= 2025 IMSA Ford Mustang Challenge =

North American motor Racing Championship held in 2025

The 2025 IMSA Ford Mustang Challenge was the second season of the IMSA Ford Mustang Challenge. It began on March 12 at Sebring International Raceway and finished on October 5 at Charlotte Motor Speedway.

== Schedule ==
The Schedule was announced August 2, 2024, featuring 12 races over 6 double header events.
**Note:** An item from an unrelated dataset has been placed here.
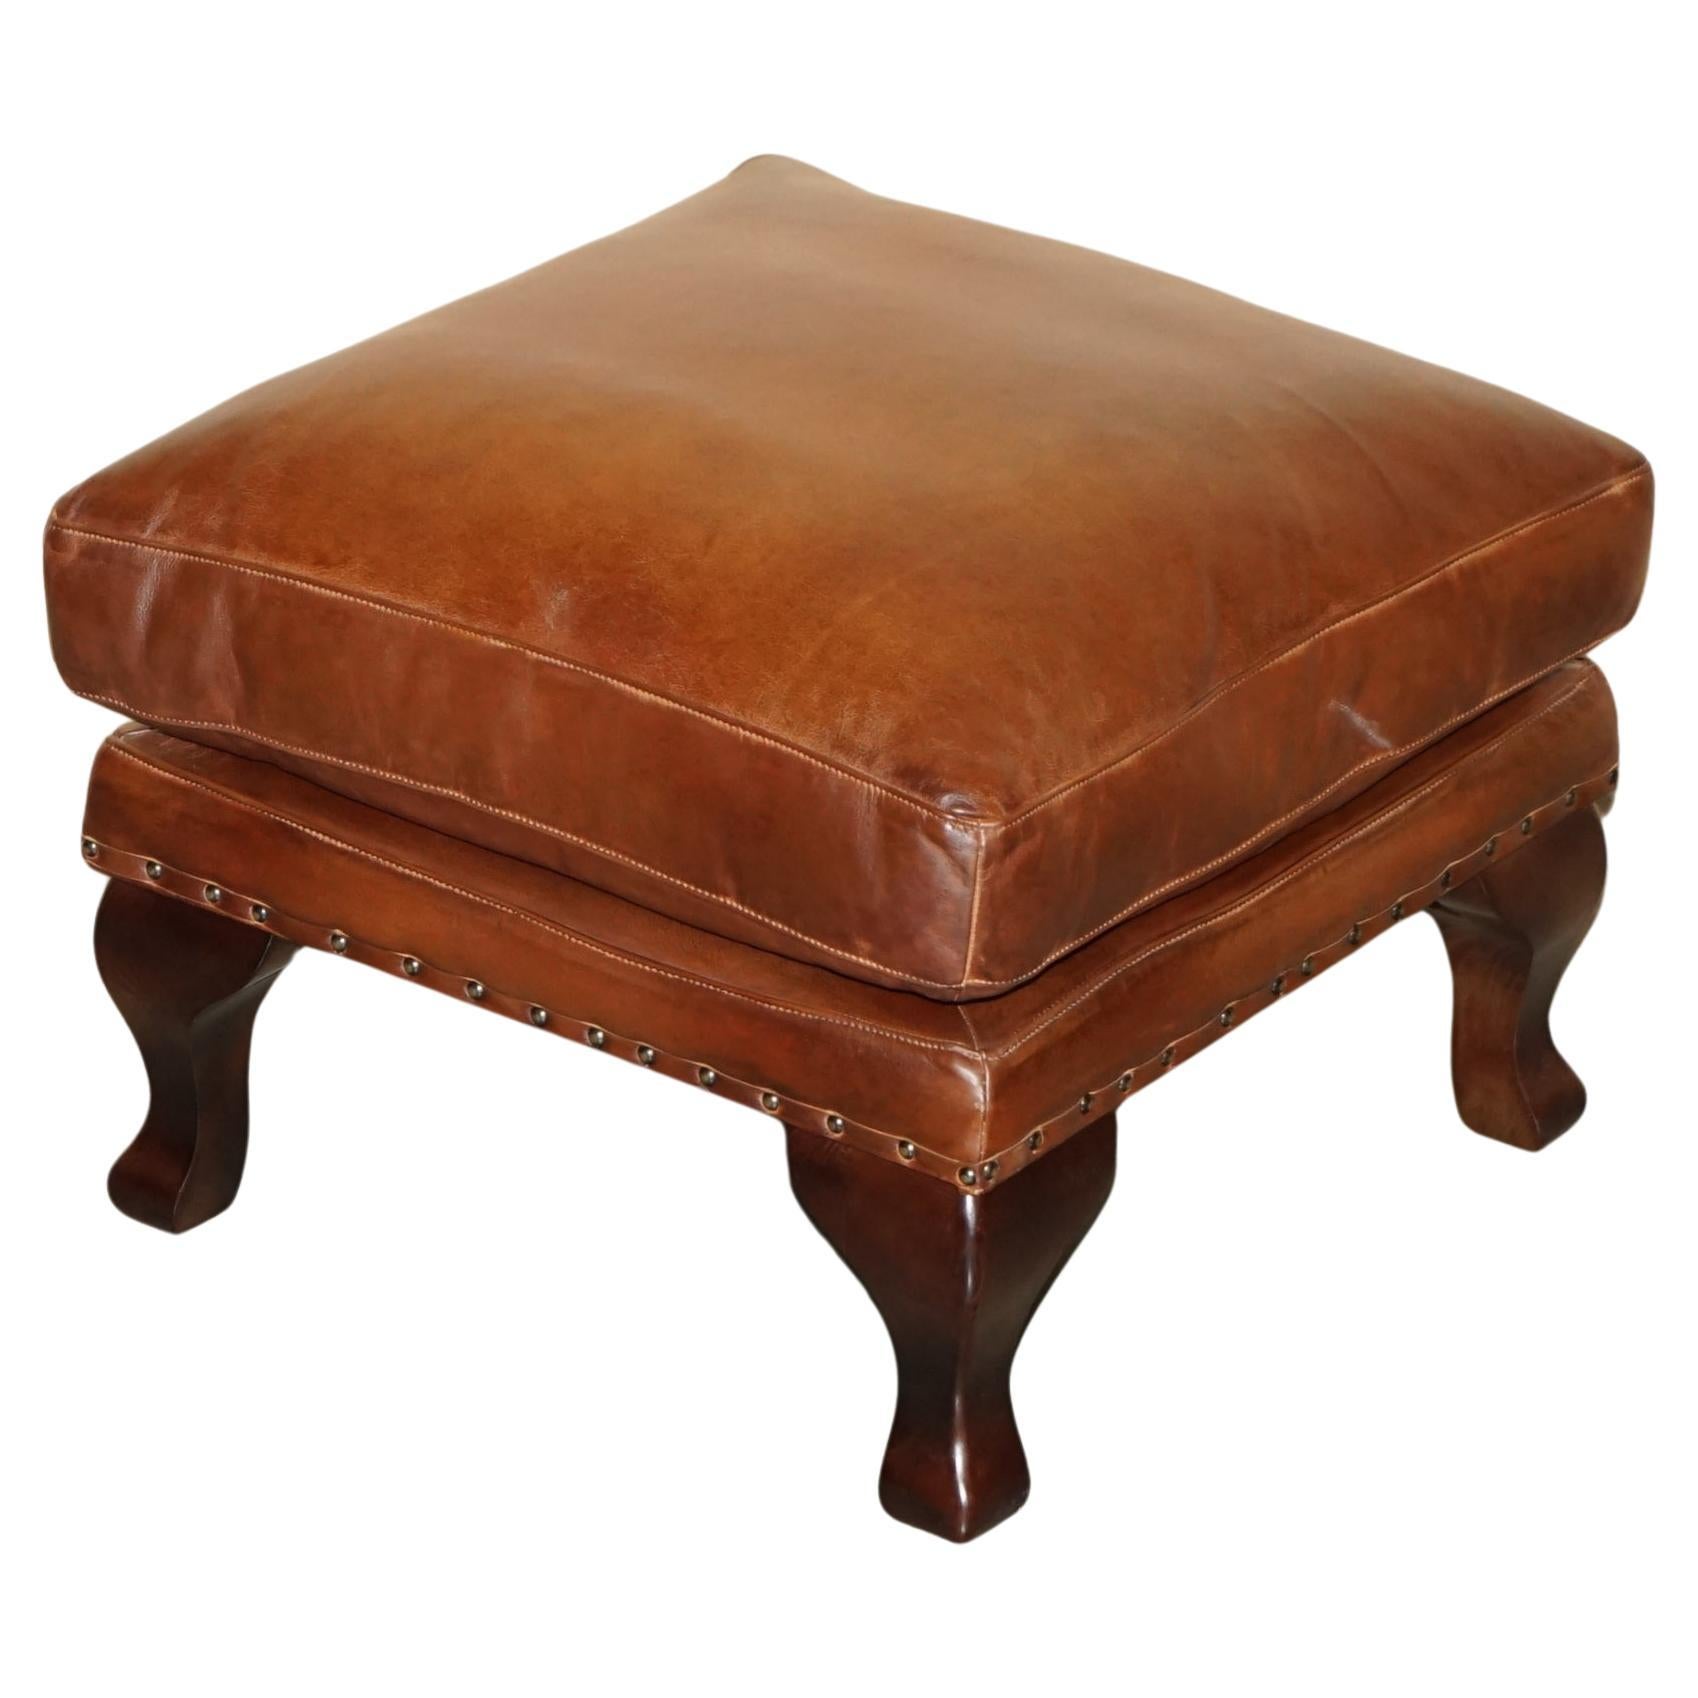 TETRAD BROWN LEATHER LARGE FOOTSTOOL LARGE ENoUGH FOR TWO PEOPLE TO SHARE

In a change to the 2024 season, rounds at Sebring, Laguna Seca, Virginia International Raceway and the Charlotte Motor Speedway (Roval) were added, while rounds at Mid-Ohio and Watkins Glen were dropped.

In addition to the regular season races, the 2025 season also included an invitational round supporting the 2025 24 Hours of Le Mans.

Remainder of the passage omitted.